Re: [xdp-hints] Re: [PATCH RFC bpf-next 32/52] bpf, cpumap: switch to GRO from netif_receive_skb_list()

Jesper Dangaard Brouer <hawk@xxxxxxxxxx> · Tue, 13 Aug 2024 11:51:45 +0200

On 13/08/2024 03.33, Jakub Kicinski wrote:
On Fri, 9 Aug 2024 14:20:25 +0200 Alexander Lobakin wrote:
But I think one solution could be:

1. We create some generic structure for cpumap, like

struct cpumap_meta {
	u32 magic;
	u32 hash;
}

2. We add such check in the cpumap code

	if (xdpf->metalen == sizeof(struct cpumap_meta) &&
	    <here we check magic>)
		skb->hash = meta->hash;

3. In XDP prog, you call Rx hints kfuncs when they're available, obtain
RSS hash and then put it in the struct cpumap_meta as XDP frame metadata.

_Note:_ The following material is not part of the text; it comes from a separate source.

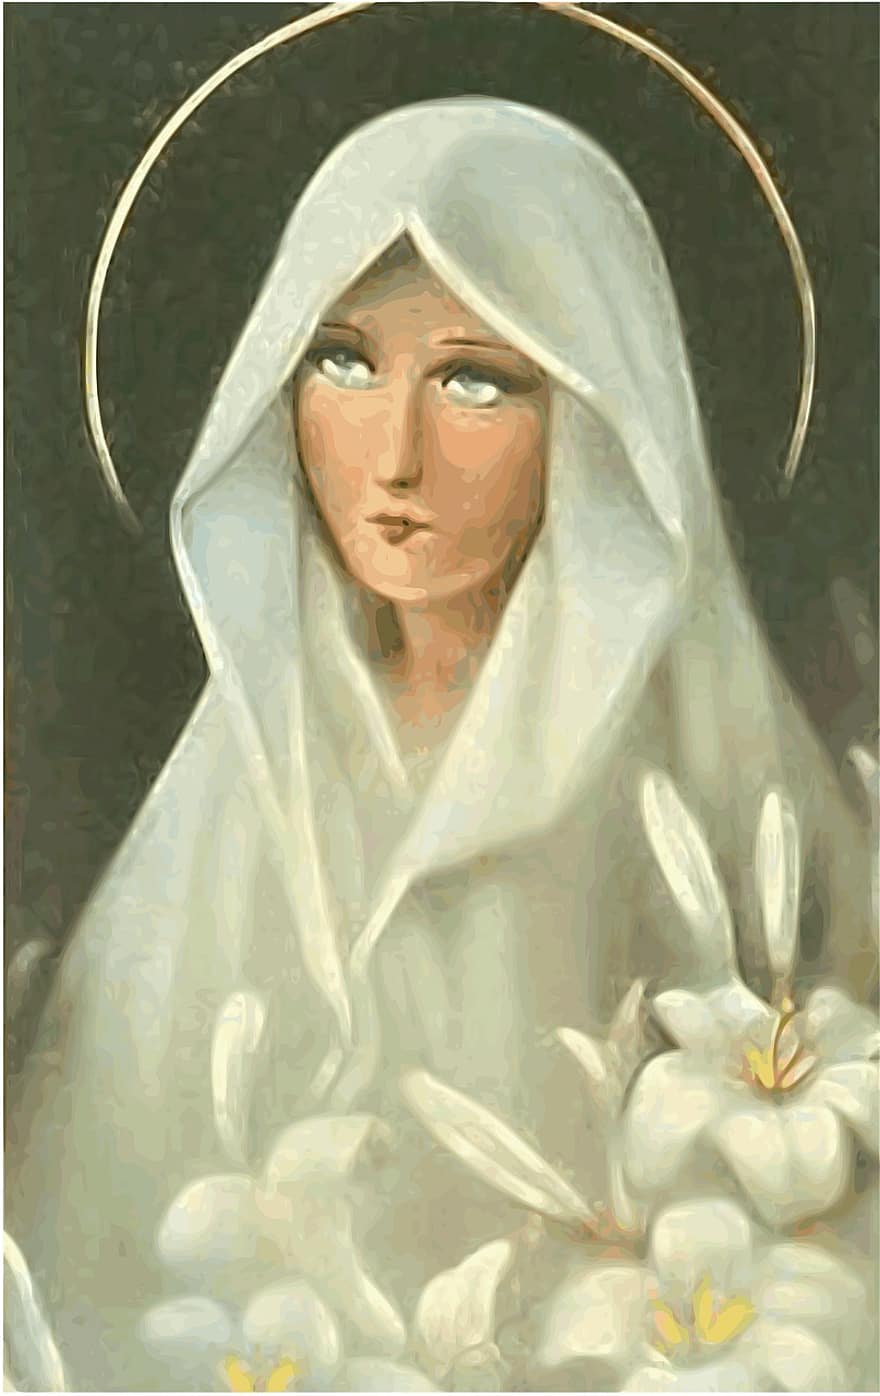 มาเรีย, ซานตา, บริสุทธิ์, ผู้หญิงของเรา, แม่ของพระเยซู, ดอกลิลลี่

I wonder what the overhead of skb metadata allocation is in practice.
With Eric's "return skb to the CPU of origin" we can feed the lockless
skb cache one the right CPU, and also feed the lockless page pool
cache. I wonder if batched RFS wouldn't be faster than the XDP thing
that requires all the groundwork.

I explicitly developed CPUMAP because I was benchmarking Receive Flow
Steering (RFS) and Receive Packet Steering (RPS), which I observed was
the bottleneck.  The overhead was too large on the RX-CPU and bottleneck
due to RFS and RPS maintaining data structures to avoid Out-of-Order
packets.   The Flow Dissector step was also a limiting factor.

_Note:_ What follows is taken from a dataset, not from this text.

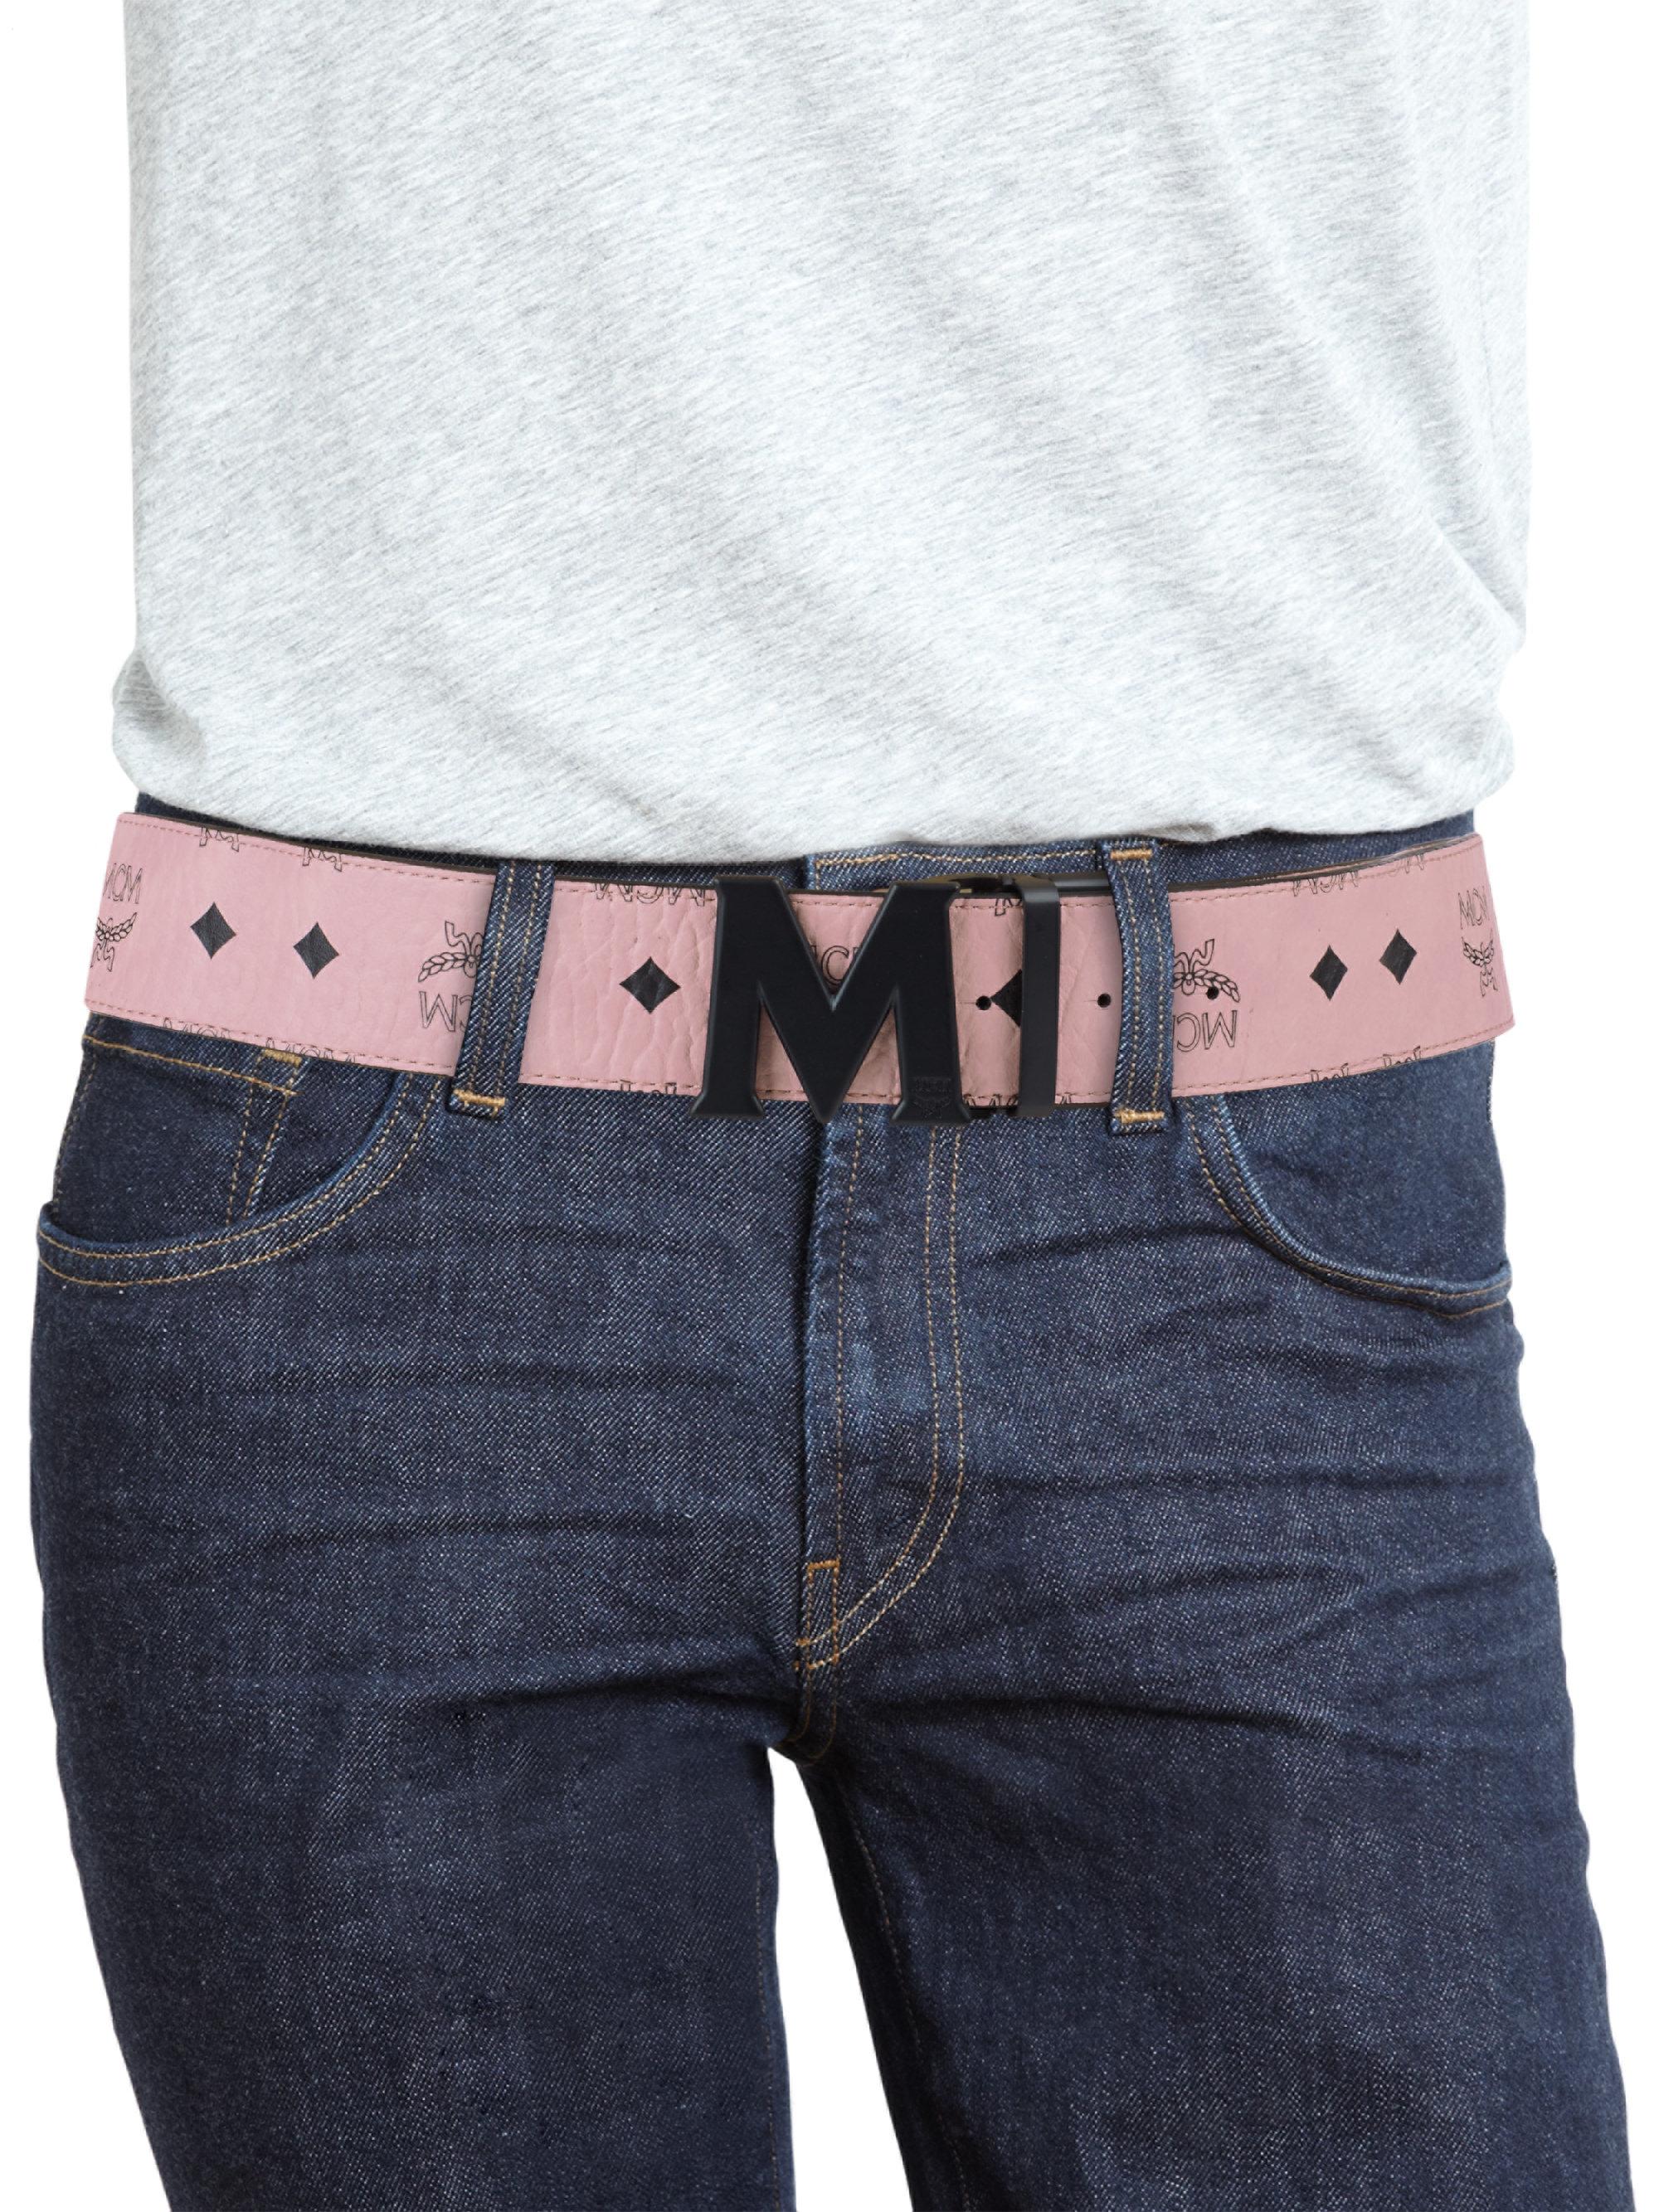 MCM Canvas Logo Belt for Men - Lyst

By bottleneck I mean it didn't scale, as RX-CPU packet per second
processing speeds was too low compared to the remote-CPU pps.
Digging in my old notes, I can see that RPS was limited to around 4.8
Mpps (and I have a weird disabling part of it showing 7.5Mpps).  In [1]
remote-CPU could process (starts at) 2.7 Mpps when dropping UDP packet
due to UdpNoPorts configured (and baseline 3.3 Mpps if not remote), thus
it only scales up-to 1.78 remote-CPUs.  [1] shows how optimizations
brings remote-CPU to handle 3.2Mpps (close non-remote to 3.3Mpps
baseline). In [2] those optimizations bring remote-CPU to 4Mpps (for
UdpNoPorts case).  XDP RX-redirect in [1]+[2] was around 19Mpps (which
might be lower today due to perf paper cuts).

 [1] 
https://github.com/xdp-project/xdp-project/blob/master/areas/cpumap/cpumap02-optimizations.org
 [2] 
https://github.com/xdp-project/xdp-project/blob/master/areas/cpumap/cpumap03-optimizations.org

The benefits Eric's "return skb to the CPU of origin" should help
improve the case for the remote-CPU, as I was seeing some bottlenecks in
how we returned the memory.

--Jesper